Well, he could always airily dismiss those well-known legends as just so much myth-making and spin a completely different yarn. It’s a formula that works just right for Hercules and for director Brett Ratner.
In this modern-day revisionist retelling of the Greco-Roman legend, Hercules has been forced, by a twist of dark circumstances that haunt him throughout (and which are revealed to us in the end), to become a hoodlum-for-hire, his bulging biceps available to anyone able and willing to fork out plentiful gold coins.
To pimp his mercenary business, Hercules (played by Dwayne ‘The Rock’ Johnson, who reveals a human heart, and even a streak of humour, beneath all that brawn) has his nephew sing paeans about him, metaphorically steroid-boosting his muscles with ‘mythologies’ about his demi-god status and his many biff-bang exploits.
We see glimpses of Hercules’ famed ‘Twelve Labours’: Hercules slaying the Lernaean Hydra, ripping apart the jaws of the Nemean Lion, pole-axing the Erymanthian Boar, all of which reinforce the belief that 3D film-making was invented for movies like this!
But thrilling as they are, they form a mere backdrop for more epic battles to come, when Hercules is enlisted by Lord Cotys of Thrace (John Hurt, who essays a nuanced performance) to defend the Thracian Kingdom from marauders and sorcerers. The latter appear to have an army of centaurs on their side but they, somewhat disappointingly, never come out to do battle, robbing the film of what could have been a cinematic first.
Hercules has been promised his weight in gold, and for that kind of compensation, he comes across as someone who wouldn’t worry about honour, but in this case he also reckons he is waging war for a good cause. (Cue: a twist in the tale.)
There’s just a faint hint of a romantic interest between Hercules and Lord Cotys’ daughter Ergenia (Rebecca Ferguson) but that strand gets drowned out in the rush of adrenaline and testosterone that the film otherwise engenders.
Once the mercenary mission has been accomplished, and the compensation has been received, Hercules and his band of merry warriors have the option to fade away, but destiny beckons Hercules, who has to live up to the myths he has manufactured about himself, and fight one last epic battle to redeem himself and exorcise the demons of his mind.

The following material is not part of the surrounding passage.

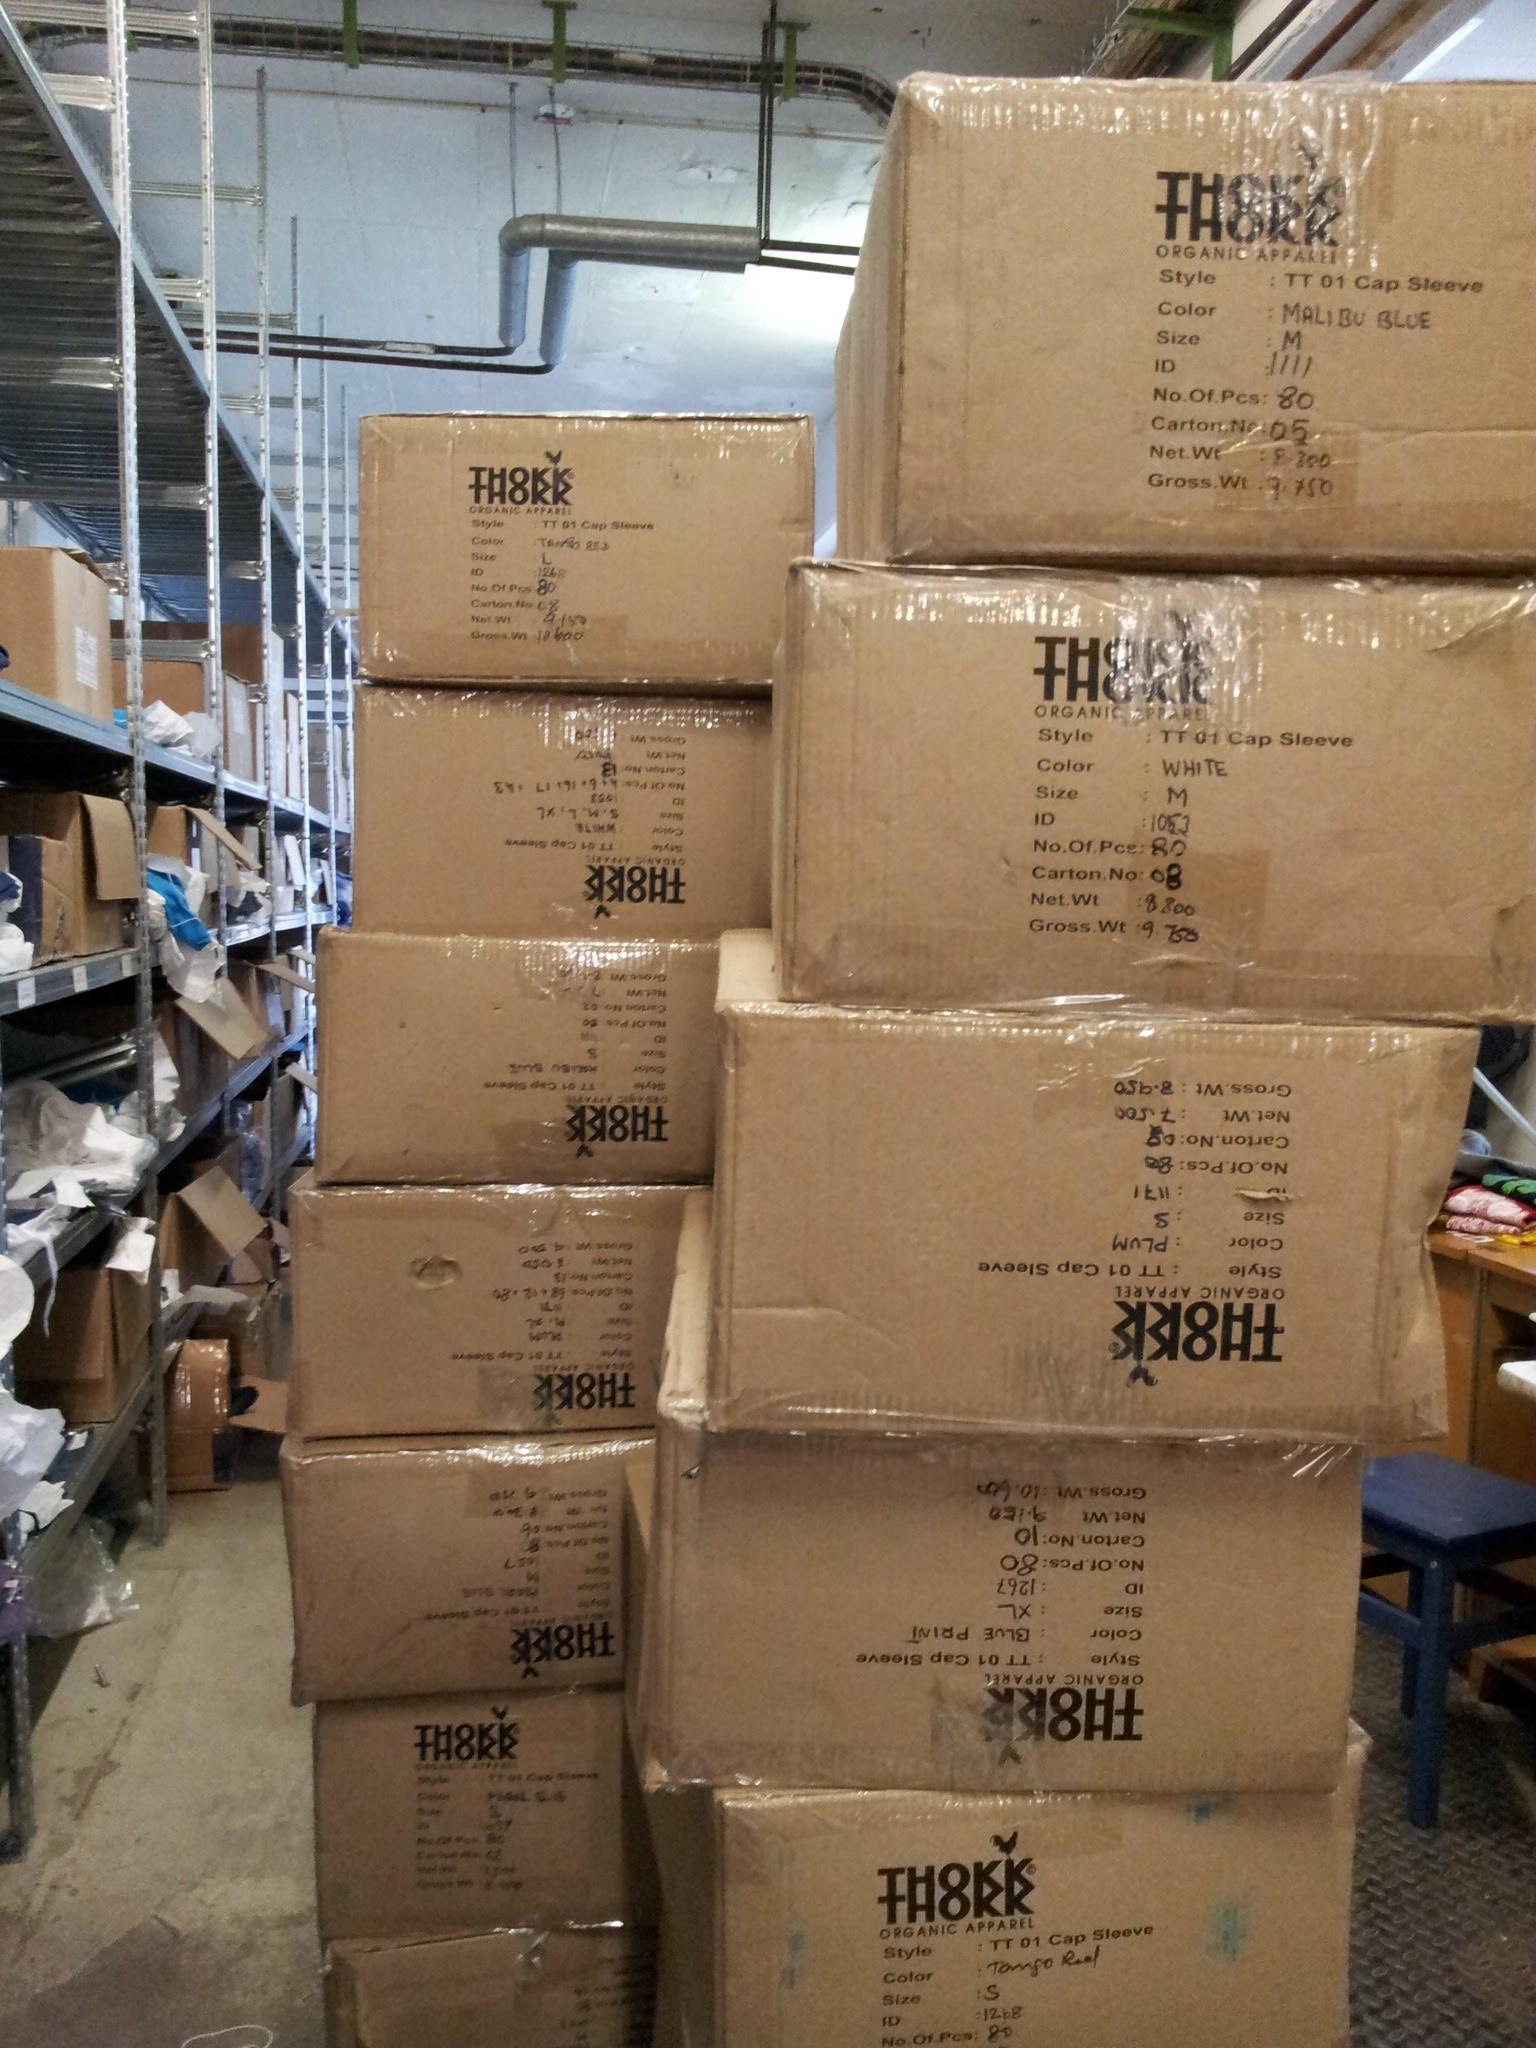 new-thokkthokk-t-shirt-warehouse-2.jpg

It's all enormously entertaining, and Johnson makes for an authentic Hercules. Given his frame, that's no surprise. What does surprise though is the human dimension he brings to bear with his tragic back-story and his—ahem!—soulful eyes.
But above else, it's the lightness of narrative tone that Ratner brings to bear that sets this film apart from other grim-faced renditions of Grecian tales. It's a lesson that even grand epics lend themselves to alternative narrative formats in the hands of a deft director.